Quando a Apple inventa algo melhor que livros

Eu sou um apaixonado por livros. Olho para a minha direita e vejo livros sobre a história de Roma, Química Orgânica, Mitologia Comparada, manuais de reagentes, os romances de Tom Clancy e Frederick Forsyth, dicionários, teologia do Novo Testamento, algumas apostilas (escritas por mim ou nem tanto), papéis avulsos e outras histórias. Às vezes, quando estou fora de casa, me pego numa questão que não tenho como responder na hora. Seja durante a aula, seja conversando com pessoas ou até mesmo respondendo a um comentário. Posso aprovar os comentários daqui quando estou no almoço, direto do celular. Sempre pensei em ter este acervo em ebook (que eu também possuo aos montes, a ponto de nem saber direito o que tenho no HD). A pesquisa online nem sempre me retorna o que eu quero, acabando por olhar nos meus livros.

Os livros estão ali, quietos, prontos para entrar em ação. Desde algumas obras bem velhas, do século XIX, até edições novinhas em folha (algumas ainda nem receberam a luz dos meus olhos). Eles estão ali, imutáveis e este é um dos grandes problemas dos livros: sua imexibilidade (salve, pai Magri de Ogum!). Eles são estáticos, parados, perfeitos na perfeição em que foram planejadas, mas muitas vezes isso é pouco, como num mundo de grandes mudanças que sempre precisa estar atualizado. Como se faz?

A Internet veio como uma promessa de saber difundido a todas as pessoas. Funcionou, mas não a contento. encontrar informações é difícil. Devemos peneirar, ou acabaremos lendo coisas idiotas como alguém estudando porque anjos não poderiam voar. A Wikipédia serve para consulta, mas ante aos mandos e desmandos dela (e principalmente na "lusófona"), ela torna-se algo não muito confiável. Como primeira e rápida consulta, ótimo! Mas como professor, eu olho torto para trabalhos que me entregam citando Wikipédia como fonte.
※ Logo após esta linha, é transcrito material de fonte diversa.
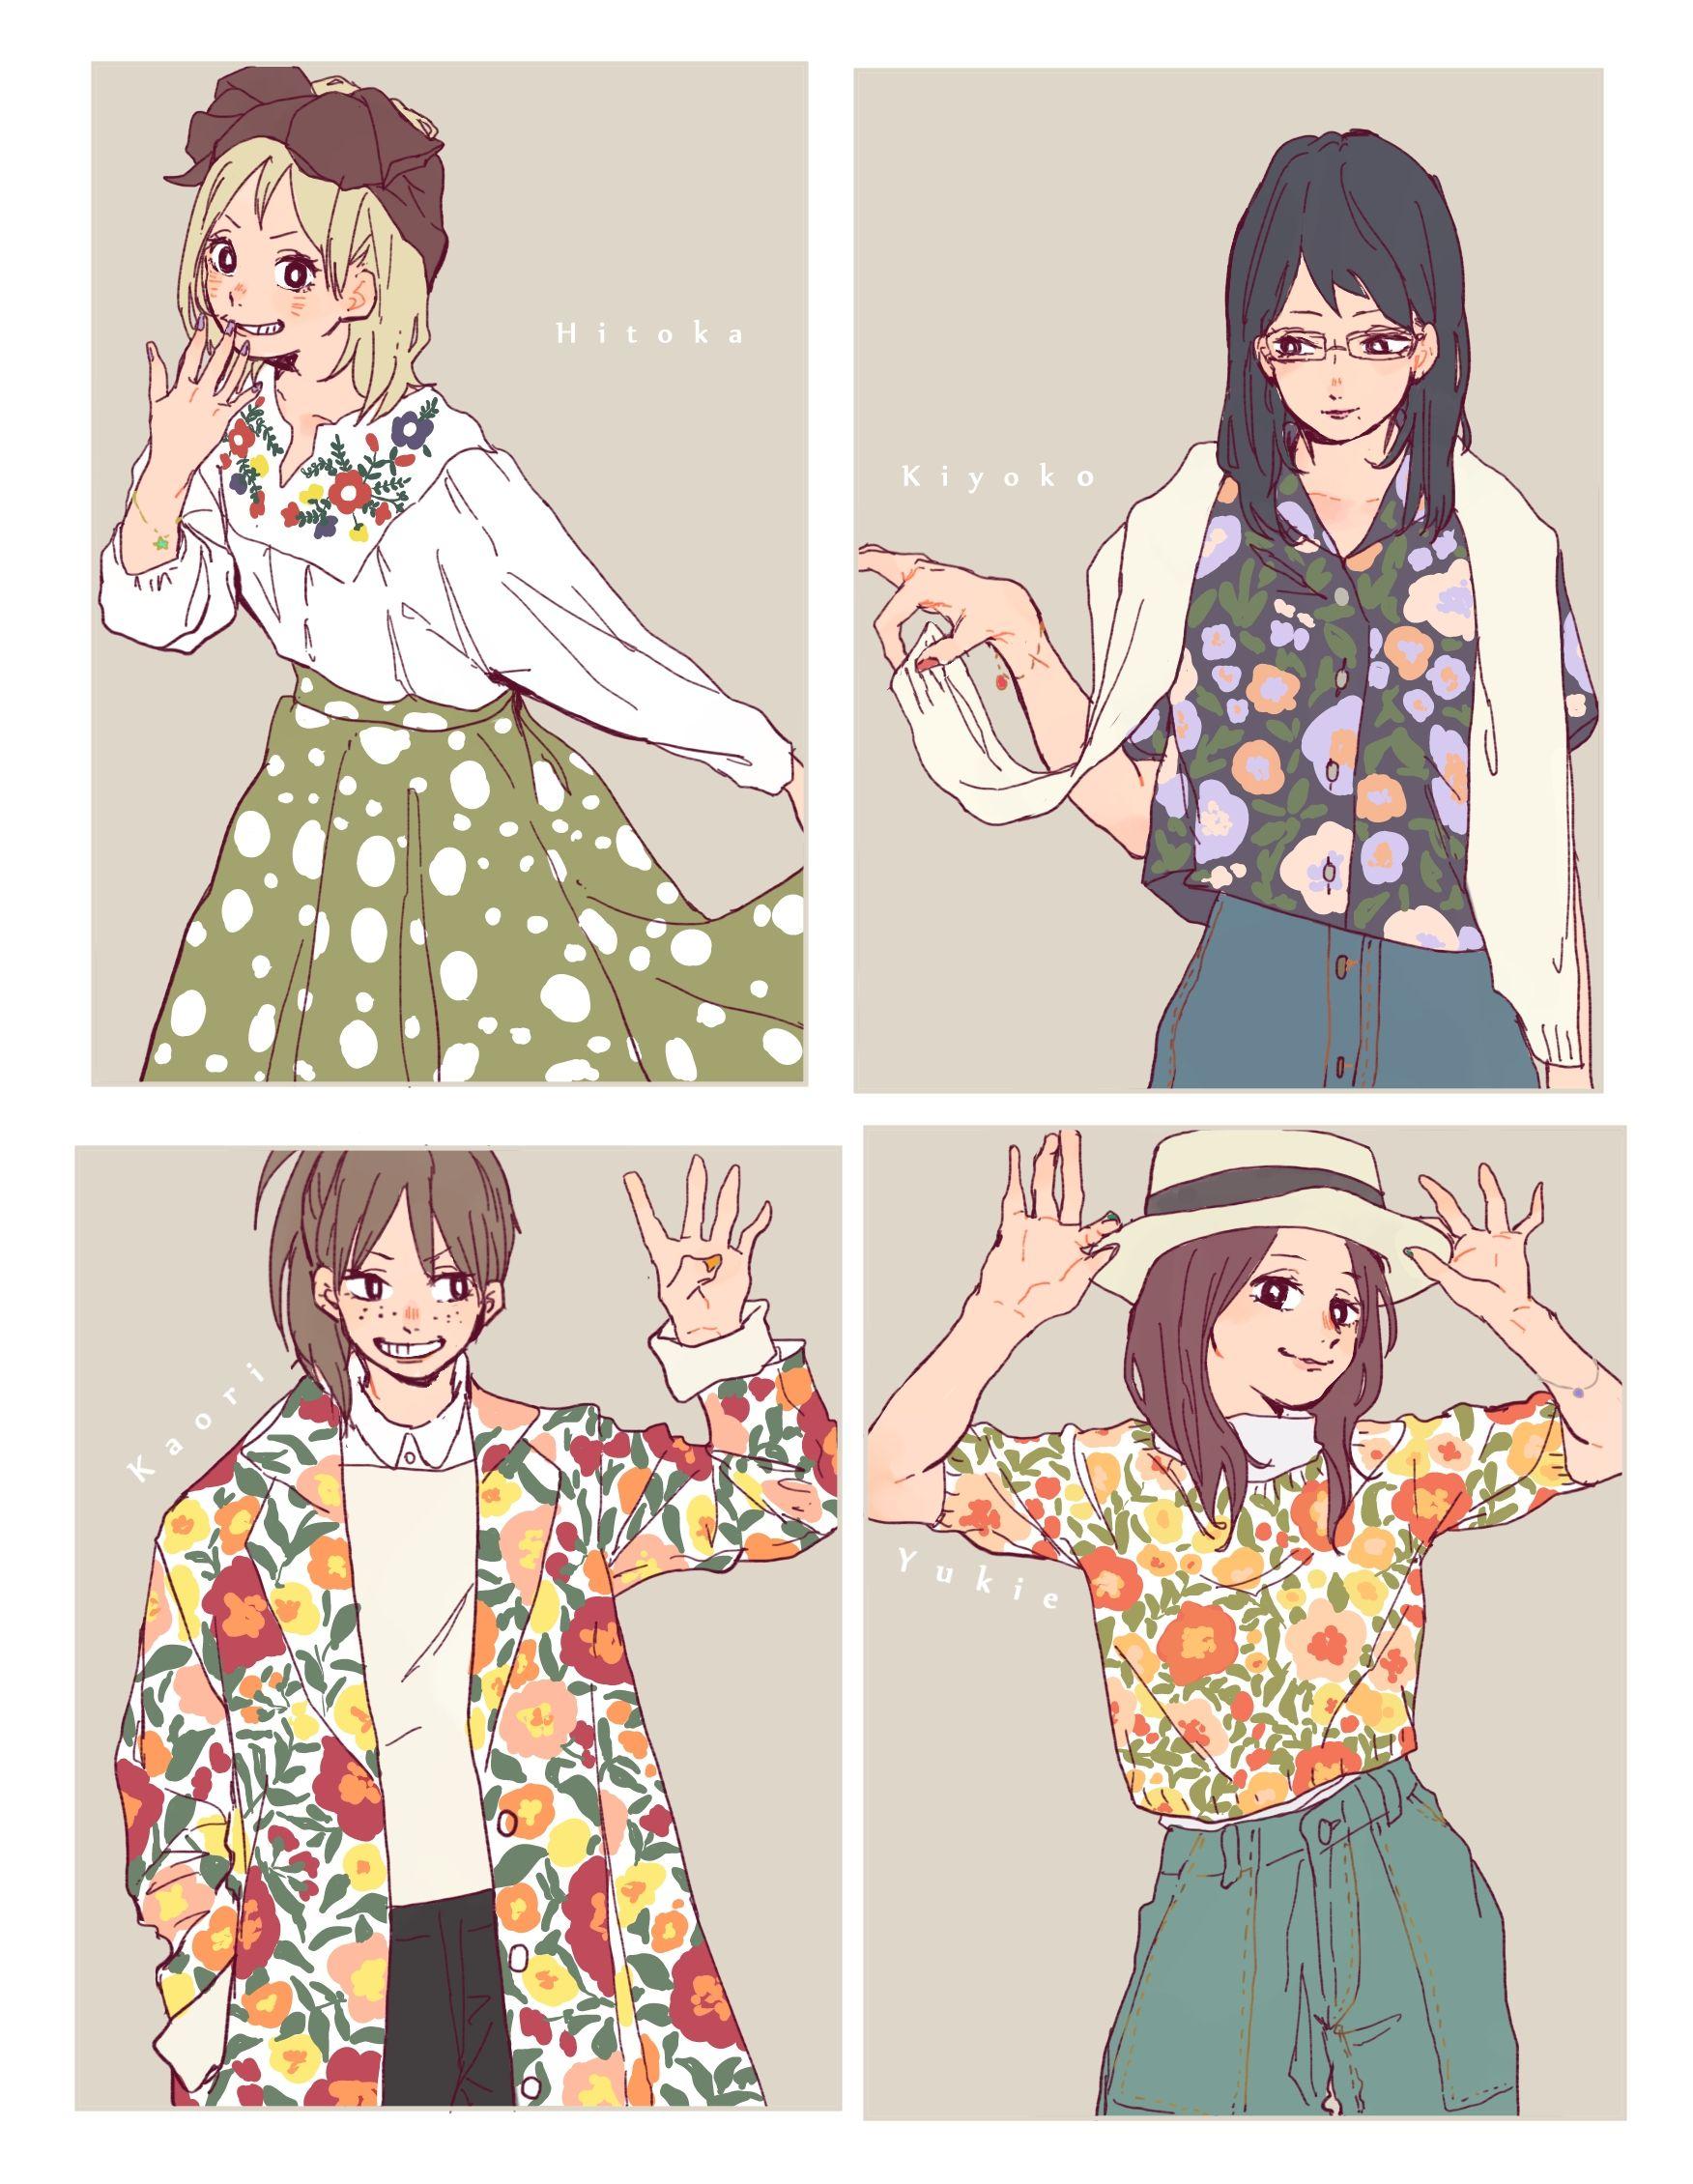 Tags: Fanart, Pixiv, Fanart From Pixiv, Haikyuu!!, Shimizu Kiyoko, Hitoka Yachi, Pixiv Id 7173738, Suzumeda Kaori, Shirofuku Yukie
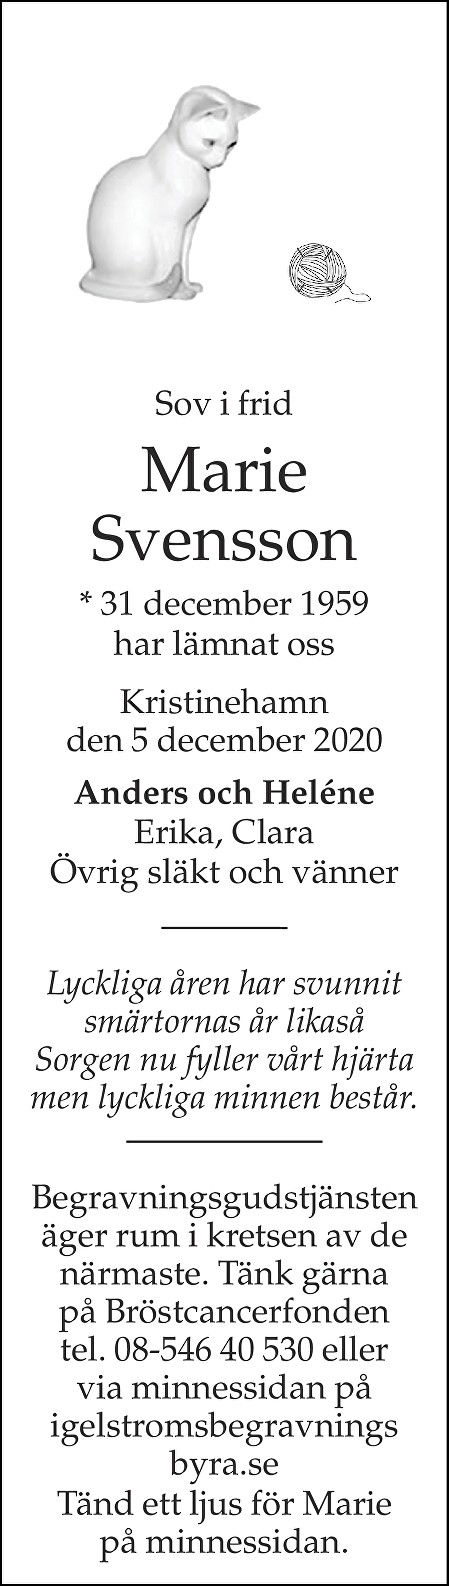 Marie Svensson Death notice

A Apple agora promete uma revolução no processo ensino-aprendizagem. Conhecida pelo seus "i" (Pod/Phone/pad), ela faz algo no qual se tornou mestra: criar tendências. O iPod não era uma revolução, se vermos perante uma luz fria de bom senso. O Walkman já existia muito antes, só que ele não te dava acesso às músicas. Este foi o diferencial do iPod. O iPod Touch veio ampliar isso. Não só músicas, mas acesso à internet, filmes, livros etc. o iPhone é "só" um telefone que adaptaram no Touch. O iPad eu não dei muito crédito no início, mas o bom de ser adulto é poder mudar de ideia de vez em quando. Atualmente, ele é… bem, ele se tornou uma Gillette (não, nada relacionado com piadinhas relacionadas aos usuários de Macs). A Gillette virou sinônimo de "lâmina de barbear" e "Bom-bril", de lãs de aço. O iPad se tornou sinônimo de tablets e os demais que tenho visto não estão ainda (por quanto tempo?) à sua altura. A plataforma Windows Phone promete, mas ainda é especulação e não se sabe o que vai acontecer.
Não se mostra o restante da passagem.